In this case it is very important to include all the emails no matter what they contain. On LINGSPAM we measured the categorization accuracy using a stratified 10-fold cross validation. For the personal collection though, we adopted a more pragmatic approach: Training. We trained on all the email messages from the first 4 consecutive weeks: 766 non-spam and 453 spam. Testing. We tested on all emails from the subsequent fifth week: 174 non-spam and 122 spam. Figure 1. Accuracy on LINGSPAM as a function of the number of neighbours k, knn. We performed several experiments using as features: words as met in the text, stems as well as the original tokens as identified by the LINGSPAM author. Each of these features has been tried with and without stop-words removal. Although stripping the stop-words is beneficial for text categorisation in general, this is not always the case: e.g. they are very important features for authorship attribution (which is a text categorisation task). It was not clear to us whether they are good for spam filtering, but they were kept in the original LINGSPAM tokenisation, so we felt it was necessary to try either case. We ended up with the following features:

RAW raw words, as met in the text; RAWNS like RAW but with stop-words filtered out; STEM stemmed words (Porter stemmer); STEMNS like STEM but with stop-words filtered out; TOKEN original tokenisation as provided with LINGSPAM; TOKENNS like TOKEN but with stop-words filtered out; The results from a stratified 10-fold crossvalidation on LING- SPAM are shown on Figure 1, where the accuracy is drawn as a function of the number of neighbours k used in knn.
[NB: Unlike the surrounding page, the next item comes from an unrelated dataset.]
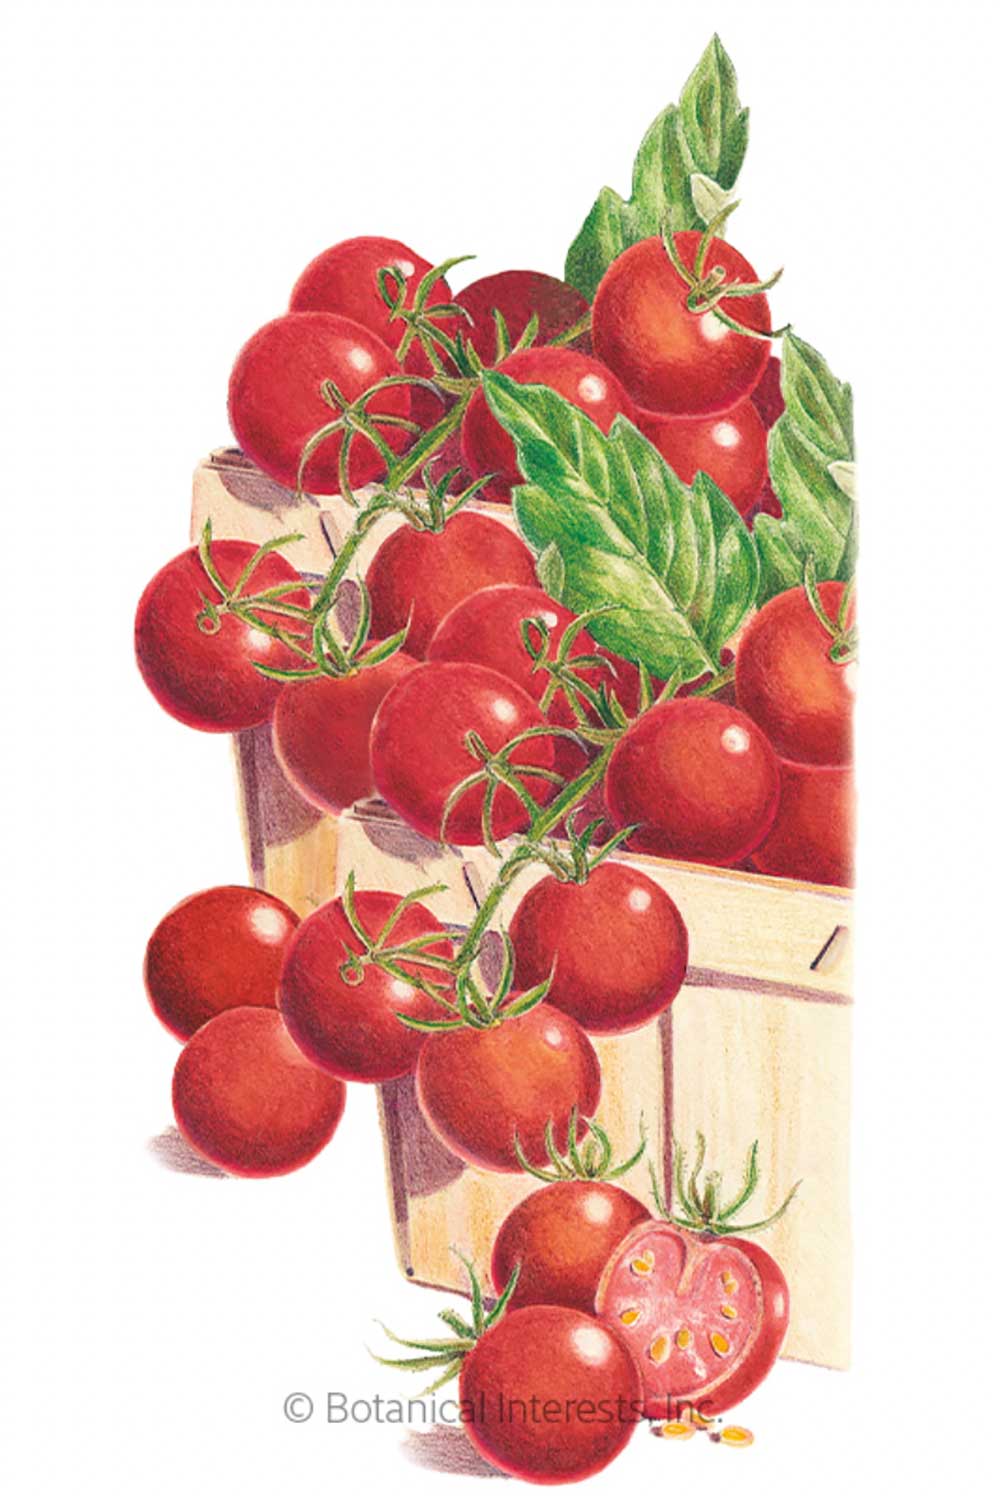 dwarf-cherry-tomato-varieties-for-small-spaces

The highest accuracy of over 99.65% is achieved for moderate values of k such as 3 and 4. The LINGSPAM tokenisation is richer than the other representations since it includes not only words but also some special symbols that can be good features for spam identification. Our experiments though, indicate this is not the case. In fact, as Figure 1 shows, TO- KEN is the worst feature set. All the three features sets: TOKEN, RAW and STEM, perform much worse than their variants with stop-words removed (TOKENNS, RAWNS and STEMNS). Discussion Below we analyse the spam classifier s errors on the personal collection. Some newsletters have been classified as spam, although for other people they can be desired messages: e.g. The Intel Developer Services News and the Bravenet News. These examples show a well-known obstacle to the spam filtering techniques: a message that is absolutely valid for someone can be a spam for somebody else. However, in these two cases, there is no other newsletter from these two companies in the training set hence this is a true error. In general, once one or two issues of the newsletter are marked as spam by the user the following ones will be classified successfully. A similar example is the following e-mail from the Sun s JCP community, which has been annotated as spam in the testing set (while the receiver was subscribed), and as a non-spam by the classifier: From: Stefan Hepper <sthepper@de.ibm.com>

To: JSR-168-EG@JCP.ORG Subject: [SAP.JSR.168] Re: Not too late? GenericPortlet.render() Hi Chris, the portal need to communicate the changed title to the portlet container, so that the portlet container can return a resource bundle that is correct for the current portlet instance. How would otherwise a portlet create a dynamic title Another misclassified e-mail was an obvious spam (an offer for enlargement of some organ). The reason why this happened was that we let the headers of the e-mail to be parsed. In this case, by coincidence there were many company e-mails from the address book in the CC list, which look similarity to other internal company e-mails. Another error was a spam e-mail written in Russian (the only Cyrillic one). The classifier had no similar examples and should have made its decision based on the English header (not shown):,,,,.! " #" $... Another ambiguous e-mail: Our friendship wont last that long? biyv gtdm zh vicd lns kjq alqnynuygbkojpzhpwkgbrmsvm We now focus on the non-spam messages, which were classified as spam. This is a much more important case, as any such miss can invalidate the good results. There were three such e-mails: Newsletter from ACM Dear ACM TechNews Subscriber: Welcome to the September 15, 2003 edition of ACM TechNews, providing timely information for IT professionals three times a week. For instructions on how to unsubscribe from this service, please see below Google account confirmation Welcome to Google Accounts. To activate your account and verify your e-mail address, please click on the following link: http://www.google.com/accounts/ve?c=8685708803317565504. If you have received this mail in error, please forward it to accounts-noreply@google.com Message after request for product download Dear Mr. Dobrikov, Thank you for your recent download of WebLogic Platform 8.1 for Microsoft Windows (32 bit). Please click here to access installation and configuration guides to start you on your way using your download All the three cases exhibit some usual spam properties: phrases of the type click here or download, unsubscribe information etc., which mislead the classifier.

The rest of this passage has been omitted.